Recall that the cofactor of element $a_{ij}$ is

$$ A_{ij} = (-1)^{i+j}\left|M_{ij}\right| $$

3.3.2 Computing the Determinant using the Adjugate¶

If $A$ is and $n\times n$ matrix then recall the Laplace expansion of the determinant of $A$ using the $i^{\text{th}}$ row of matrix $A$.

$$ \begin{align*} |A| &= \displaystyle\sum_{j=1}^n a_{ij}A_{ij} \\ \\ &= a_{i1}A_{i1} + a_{i2}A_{i2} + \cdots + a_{in}A_{in} \\ \\ &= \begin{bmatrix} a_{i1}\ & a_{i2}\ & \cdots\ & a_{in}\ \end{bmatrix} \begin{bmatrix} A_{i1}\ \\ A_{i2}\ \\ \vdots\ \\ A_{in}\ \end{bmatrix} \\ \\ &= \mathbf{a}^i\left(\text{adj}\mathbf{(A)}\right)_i \end{align*} $$

The last expression is the $i^{\text{th}}$ row of matrix $A$ times the $i^{\text{th}}$ column of matrix adj$(A)$.

Similarly we can compute the determinant using the $j^{\text{th}}$ column of matrix $A$.

$$ \begin{align*} |A| &= \displaystyle\sum_{i=1}^n a_{ij}A_{ij} \\ \\ &= a_{1j}A_{1j} + a_{2j}A_{2j} + \cdots a_{nj}A_{nj} \\ \\ &= \begin{bmatrix} A_{1j} & A_{2j} & \cdots & A_{nj} \end{bmatrix} \begin{bmatrix} a_{1j} \\ a_{2j} \\ \vdots \\ a_{nj} \end{bmatrix} \\ &= \left(\text{adj}\mathbf{(A)}\right)^j\,\mathbf{a}_j \end{align*} $$

What happens if we multiply the $i^{\text{th}}$ row of matrix $A$ times another column of the adjugate matrix adj$(A)$?

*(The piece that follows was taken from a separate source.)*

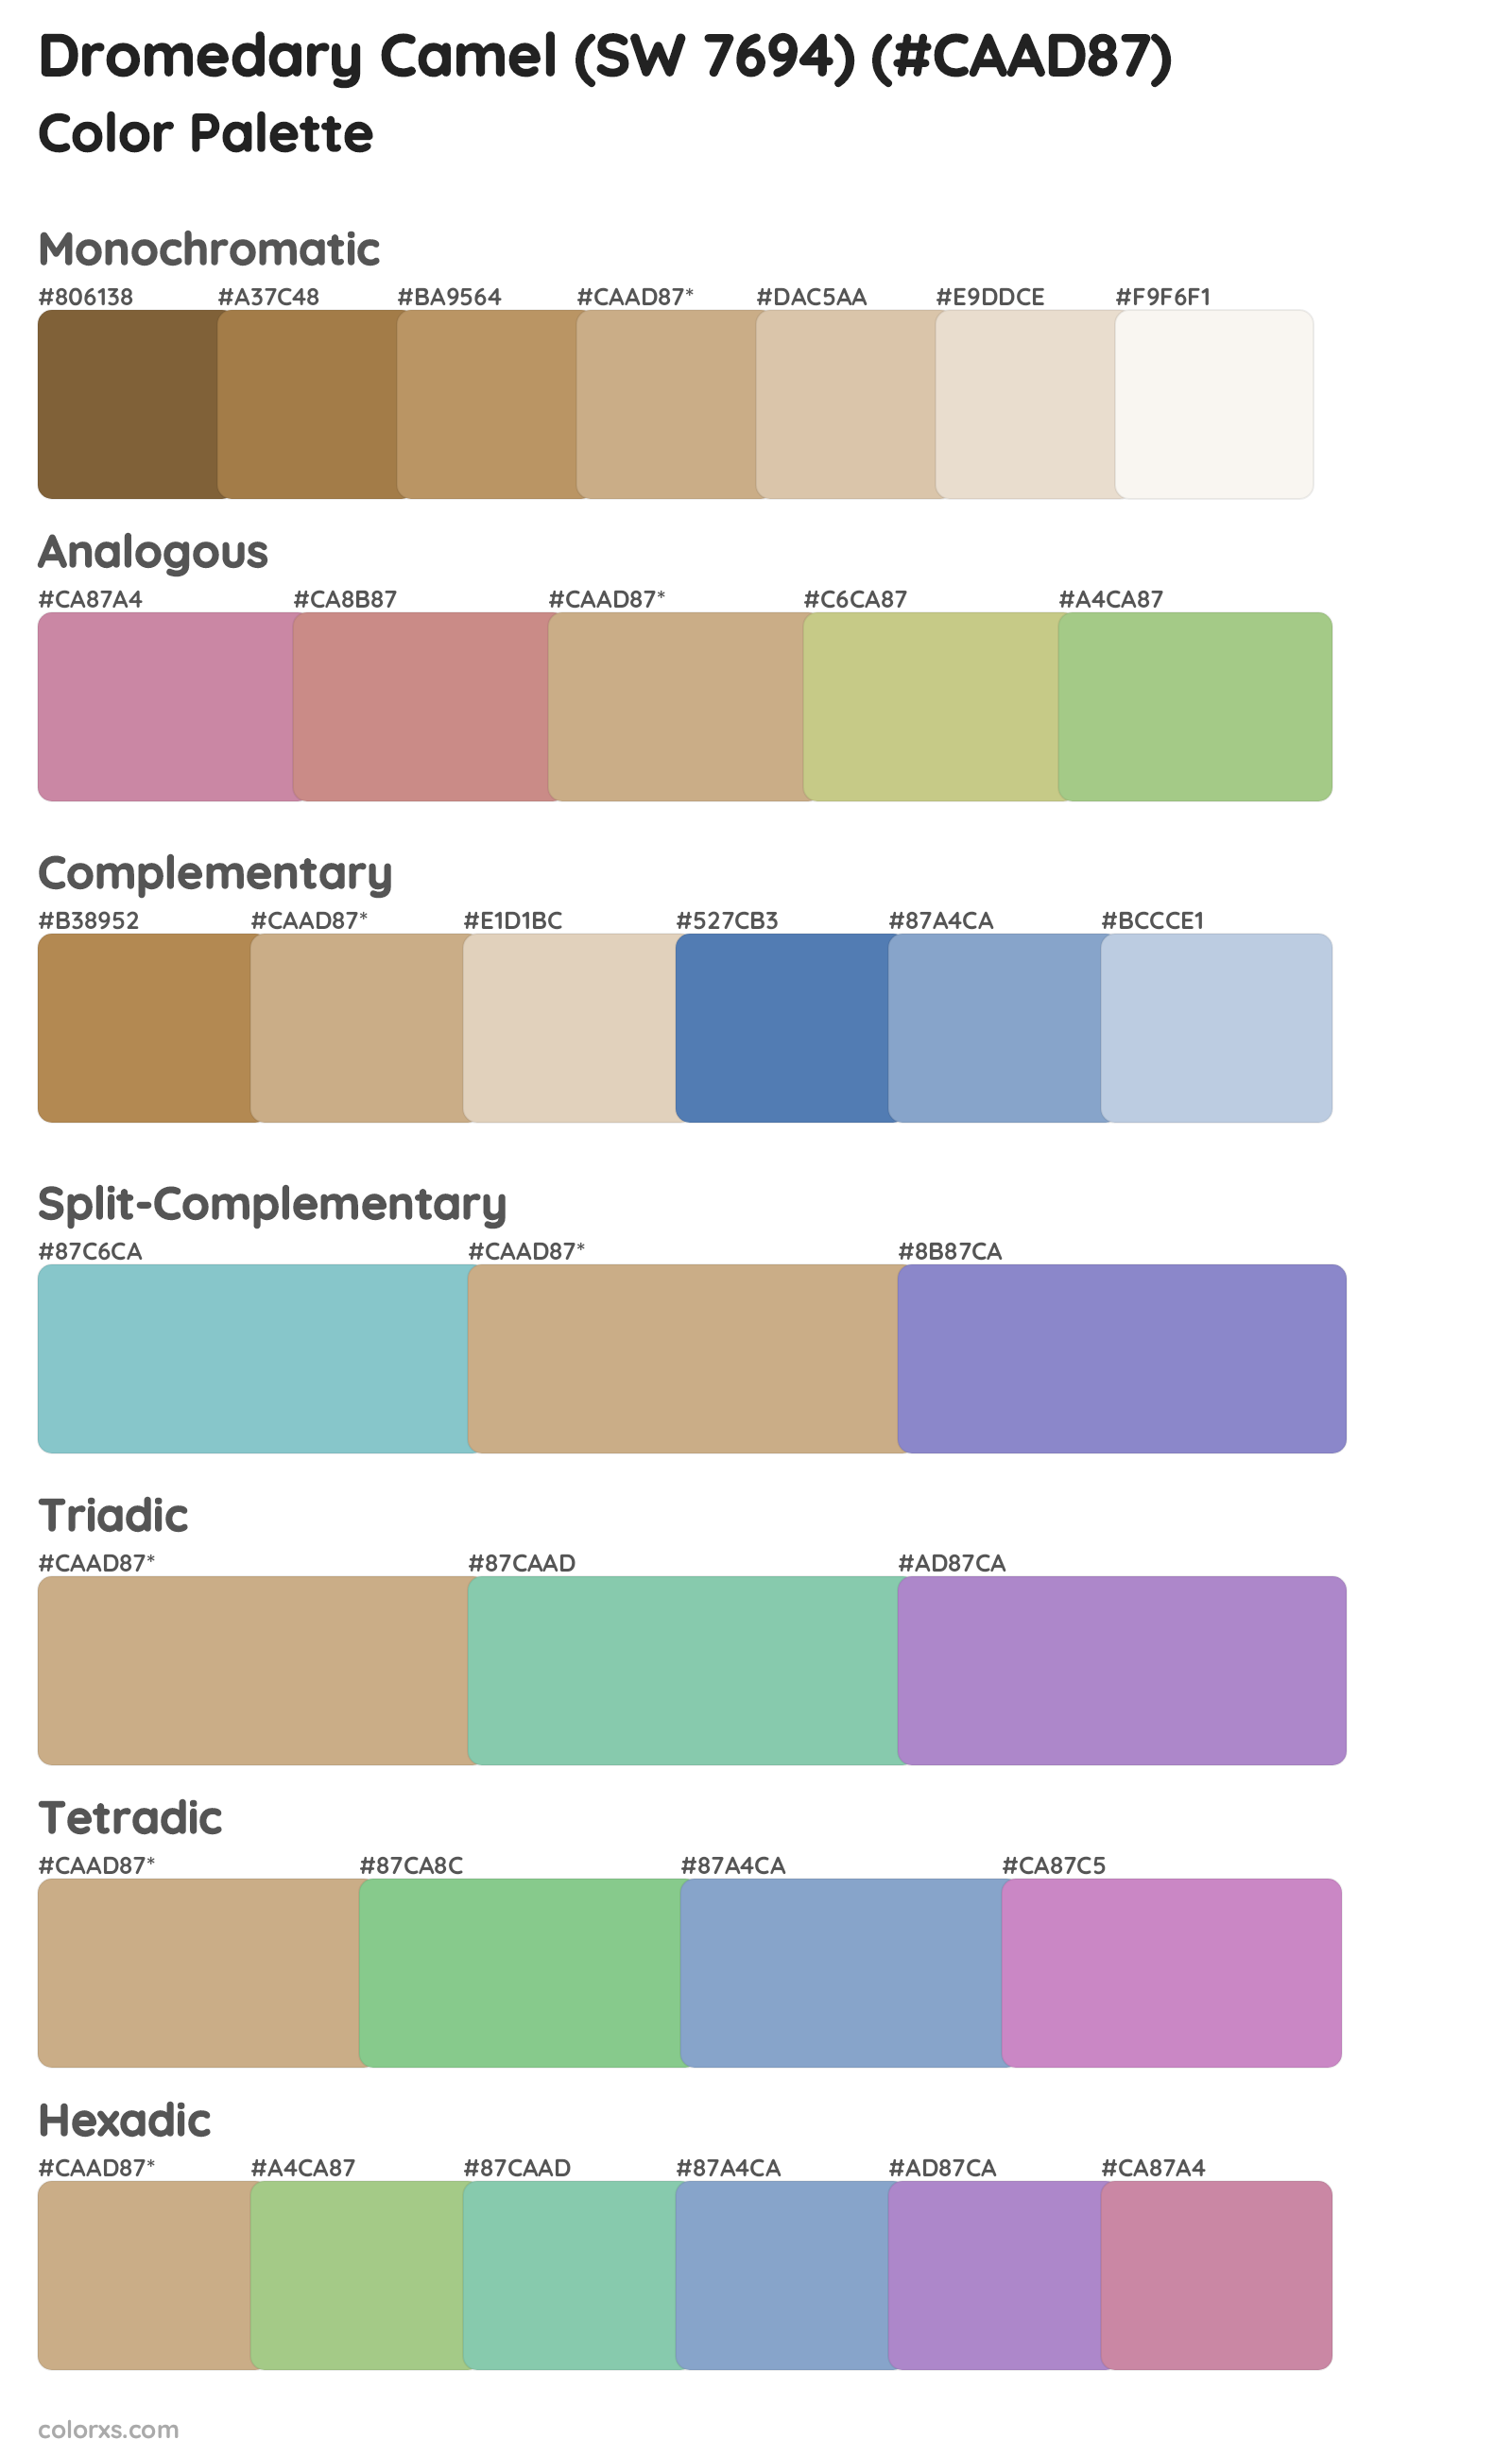 Dromedary Camel (SW 7694) Color Scheme Palettes

Remember that when we compute the Laplace expansion of the determinant of a matrix,

we use the factors $a_{ij}$ from a row or column,
however all of the minors $M_{ij}$ used to compute the cofactors never use the elements of our selected row or column. We obtain the minor matrix $M_{ij}$ by removing the $i^{\text{th}}$ row and $j^{\text{th}}$ column.

The key here is that we never use the values in the $i^{\text{th}}$ row that we use to compute the Laplace expansion of the determinant so their values can be anything. So let us create a new matrix $B$ that has all the same rows as matrix $A$ except the $i^{\text{th}}$ one.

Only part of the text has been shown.